— Я вообще требовал вашего присутствия на допросах, но мне не позволили. А вы, если знали, то почему не приехали?
— Было много дел, — уклонился от ответа представитель МИДа.
Рушились мои последние мечты о скорой свободе, ускользали из рук при помощи этого равнодушного человека, который являлся представителем моей державы.
— Анатолий Романович, я вот думаю, что если б американский гражданин попал в тюрьму Туниса, то, наверное, в столичную бухту зашли бы части американского флота, навели свои пушки на президентский дворец, и через пять минут тот человек на свободе бы оказался. А значит, если наш попадает, то пускай сидит, так, что ли?
— Ну, не надо утрировать! Мы все делаем для вашего освобождения, поверьте. Лучше скажите, как к вам относятся, как кормят? Не обижают? — дипломатично перевел он тему.
— Да нет! Что вы, всем доволен и кормят «хорошо», и люди тут «замечательные», я даже «поправился» на 10 кг!
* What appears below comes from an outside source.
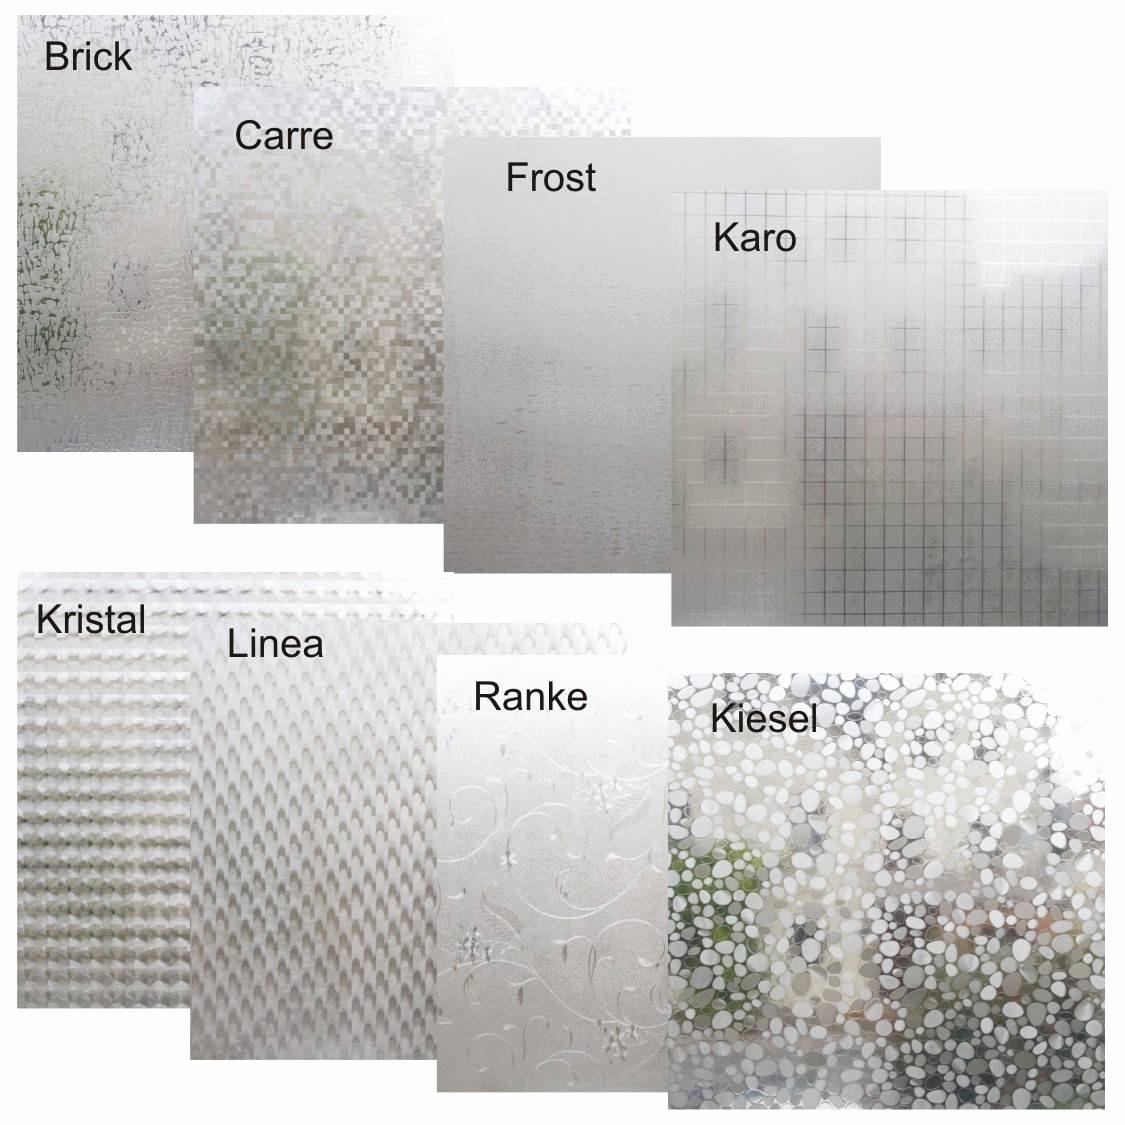 Full Size of Fensterfolie Ikea Blickdicht Statische Anbringen Bad Sichtschutz Sofa Mit Schlaffunktion Modulküche Küche Kosten Kaufen Betten 160x200 Bei Miniküche Wohnzimmer Fensterfolie Ikea

— Правда? — не поняв моего сарказма, удивился консул. — Я рад за вас.
Дальнейший разговор терял всякий смысл. Мы еще немного поговорили. Он сообщил, что жена и слышать обо мне не хочет, Натальины родственники тоже, мягко говоря, очень не довольны мной. Единственный человек, кто постоянно звонит и интересуется, — это моя мама.
Я сообщил консулу, что написал уже три письма, а ответа так и не получил. Он посетовал, что почта между нашими странами ходит не ахти как, и посоветовал еще подождать.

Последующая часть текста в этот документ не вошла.